Based in Shanghai, the New Development Bank has largely ceased issuing new loans, the report said.

The institution came about eight years ago through the collective effort of the BRICS: Brazil, Russia, India, China, and South Africa.

It was meant to establish an alternative to US-dominated, dollar-based financial institutions like the International Monetary Fund and dovetailed with Beijing’s efforts to erode the greenback’s status. Its lending was aggressive, and committed loans climbed from $1 billion in 2017 to $30 billion in 2022.

But to provide capital to developing economies, the New Development Bank had to borrow from Wall Street as well as Chinese lenders. So despite its mission to de-dollarize lending, about two-thirds of its own borrowings were dollar-denominated, the Journal said.

But after Russia’s invasion of Ukraine last year, Wall Street backers were less willing to lend to a bank that was nearly 20% owned by Moscow. 

At the same time, the appointment of Dilma Rousseff as the bank’s new chief stirred controversy, given that she was previously impeached as Brazil’s president. Next in line for the bank’s presidency will be a Russian appointee.

Without its usual dollar support, the institution is servicing prior debt through more expensive borrowings. According to the Journal, the bank’s first bond since the Ukraine war started was five times as expensive as prior loans. Taken out in April, it cost $1.25 billion.
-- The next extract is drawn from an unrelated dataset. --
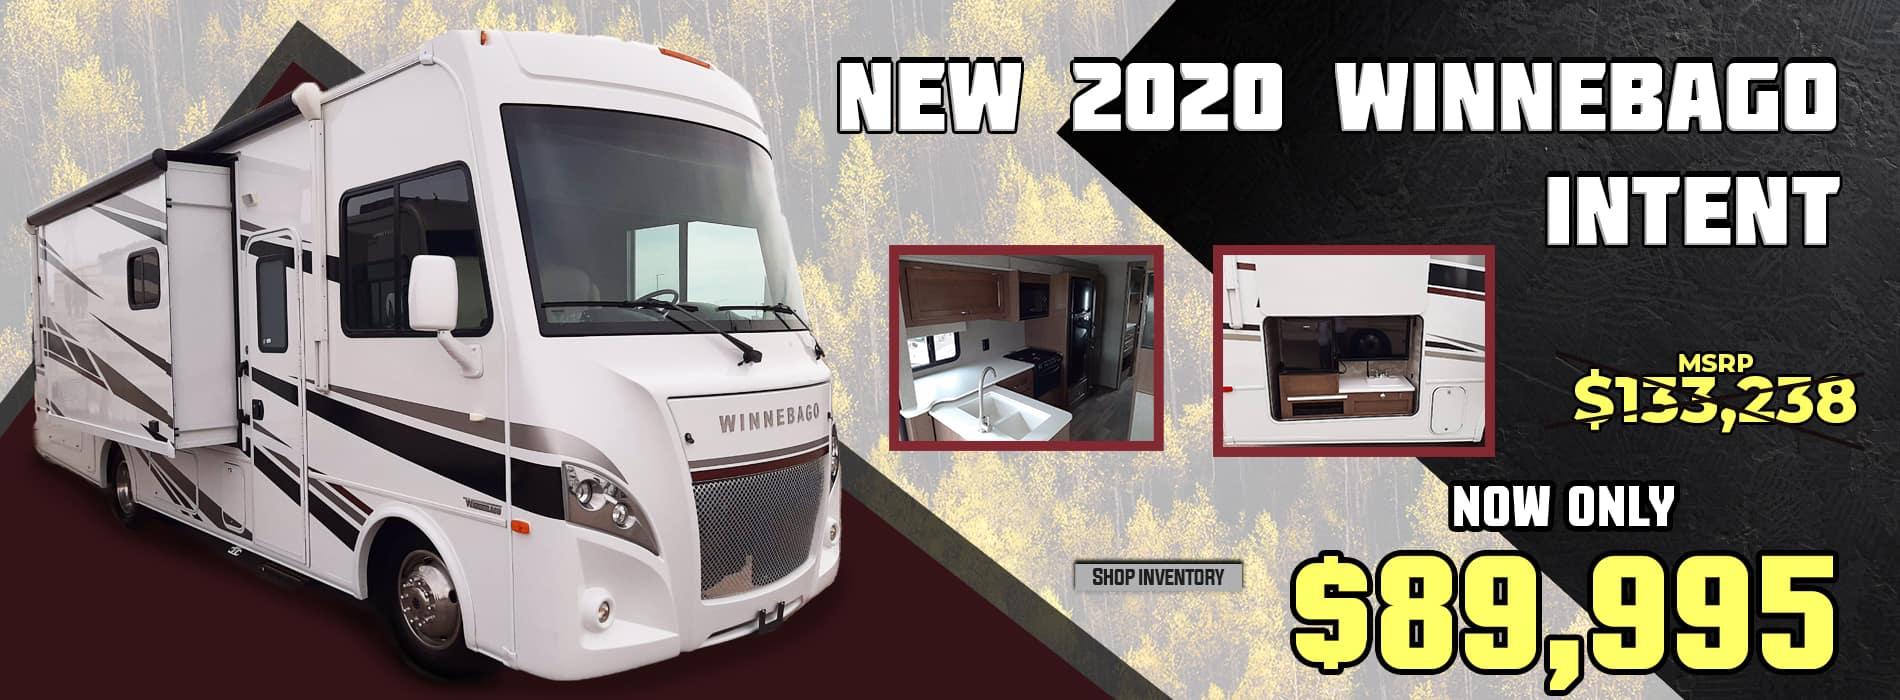 WINNEBAGO INTENT SEPT 2020

The bank is also in talks with Argentina, Saudi Arabia and Honduras to become members and potentially provide more capital.

Still, the bank’s challenge in attaining dollars earned it a Fitch Ratings credit downgrade last July. Meanwhile, the New Development Bank was told that interest on any new loans could quadruple, and the premium the bank charges its members to borrow has doubled, shrinking loan disbursements to a trickle, sources told the Journal.

And given China’s own economic downturn, it’s unlikely that the lender can expect much financial support from Beijing.

The lender told WSJ that there’s “a considerable interest in bonds issued” through the bank, while its loan origination and liquidity remain strong. The New Development Bank did not respond immediately to Insider’s request for comment.